Nice stuff Branden, now if you could figure out how to post pic's a bit larger to show more bottle and less background it would really make the bottles pop...


----------



## carobran (Oct 18, 2011)

> ORIGINAL: rockbot
> 
> you got some nice bottles. Any local beers?


 no,i dont have any Miss. beers.............i dont think theres a whole lot of  beers from Ms........mostly hutches and druggists(_i like druggists).........._im getting a Kosciusko hutch today or tomorrow.(hopefully today)[]


----------



## carobran (Oct 18, 2011)

> ORIGINAL: epackage
> 
> Nice stuff Branden, now if you could figure out how to post pic's a bit larger to show more bottle and less background it would really make the bottles pop...

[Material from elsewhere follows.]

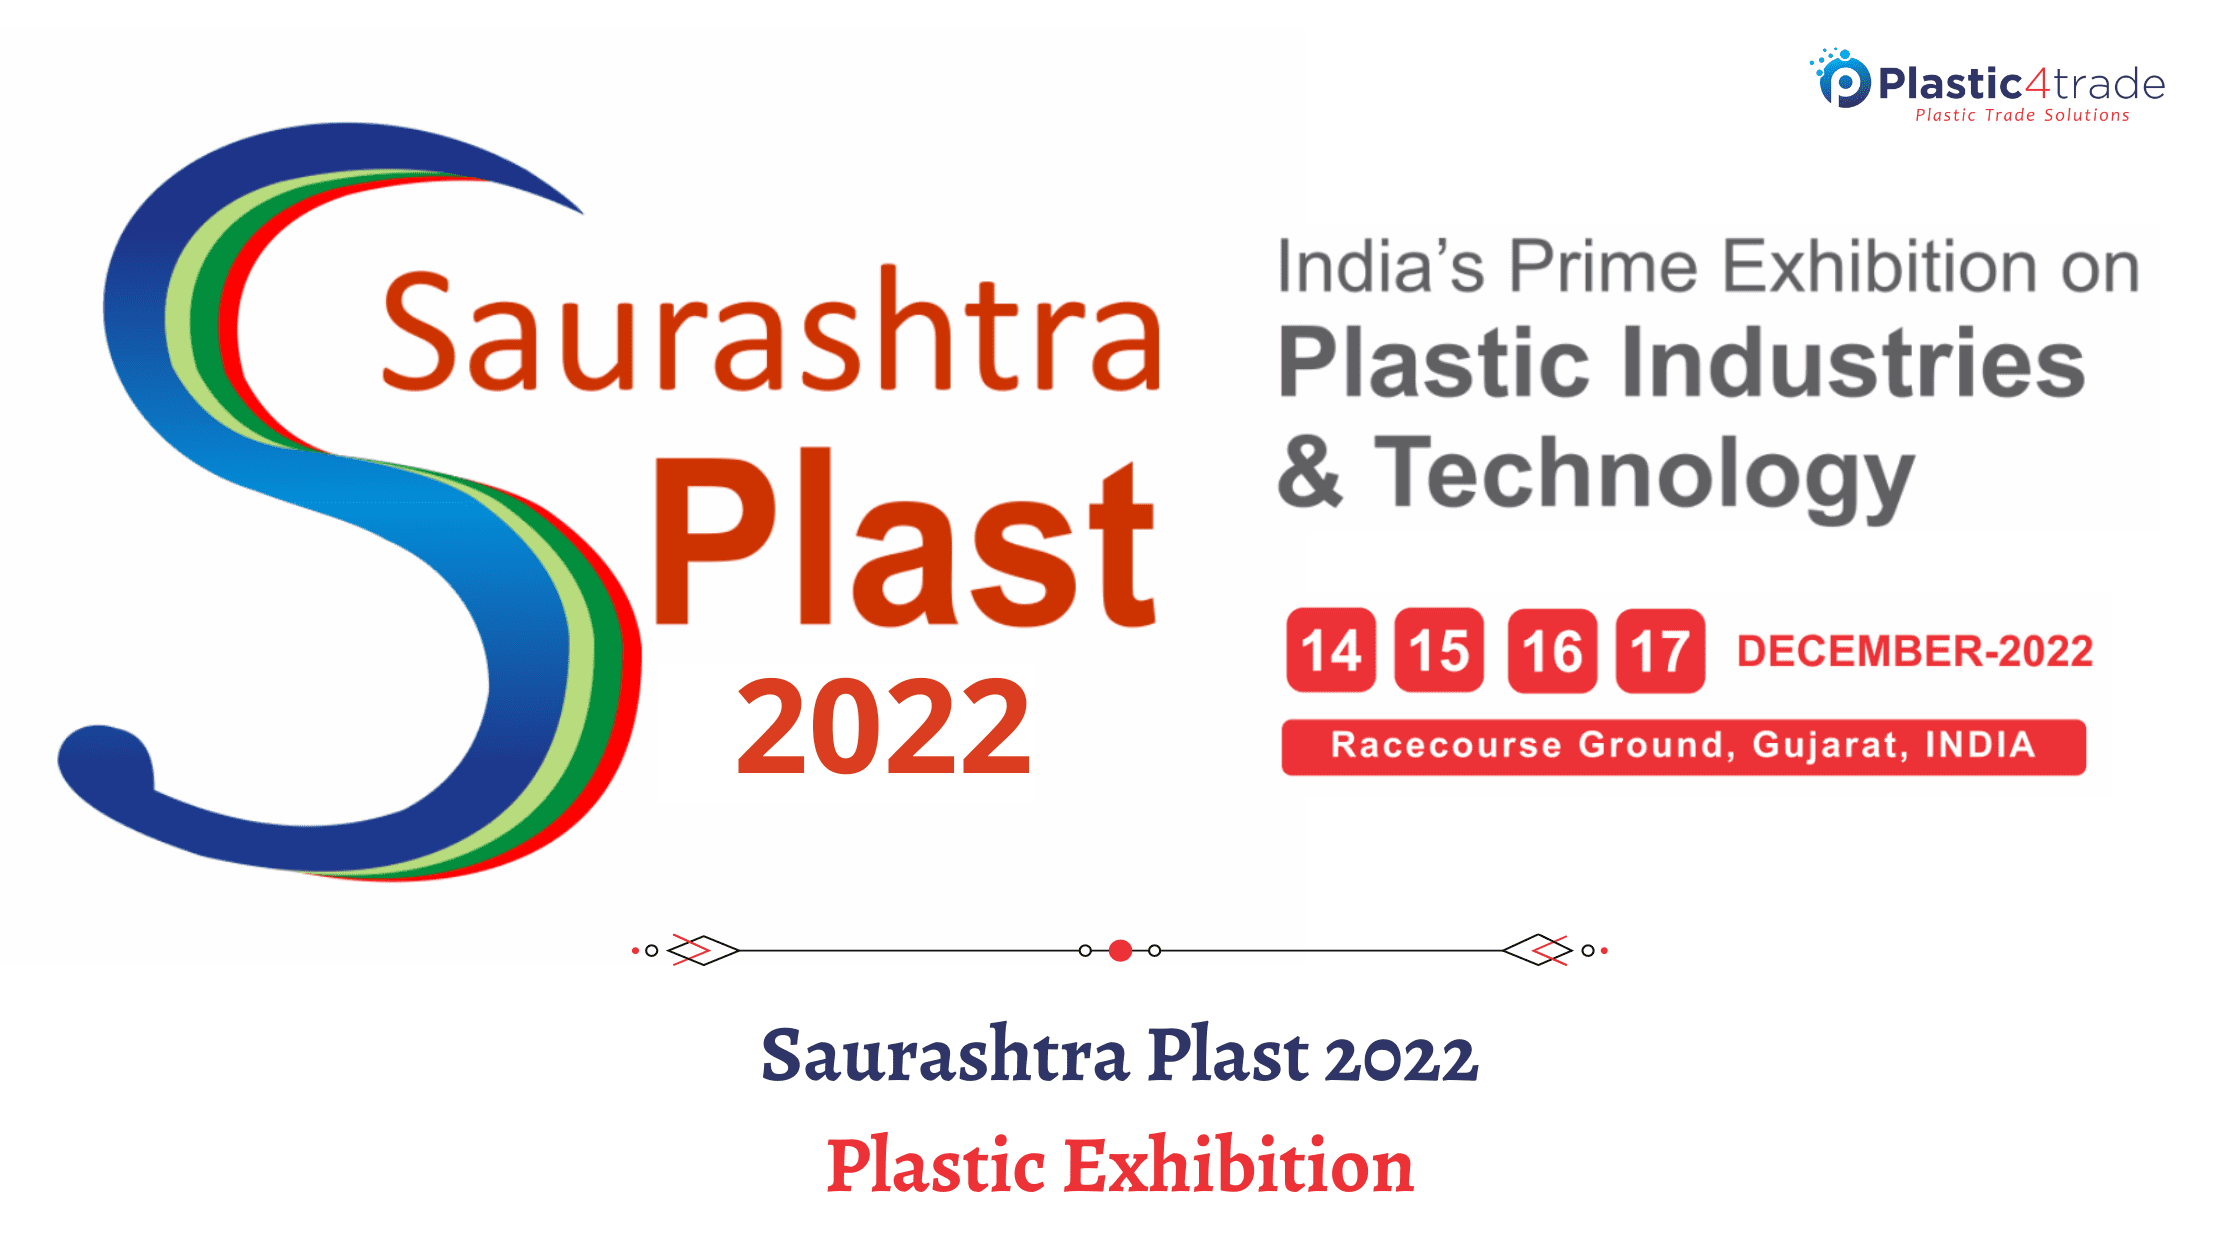 Saurashtra Plast Exhibition 2022 Plastic Exhibition in Rajkot India Plastic4trade

 i can post larger pics but im not sure how to crop the background[8|][8|]


----------



## peejrey (Oct 18, 2011)

> > > im not sure how to crop the background


 Are you using some sort of iPhoto?


----------



## carobran (Oct 19, 2011)

i downsize the pics using PAINT


----------



## Stardust (Nov 8, 2011)

Nice collection you got there [] Star ~ *


----------



## carobran (Nov 8, 2011)

thanx...ive gotten a few more since then..[]


----------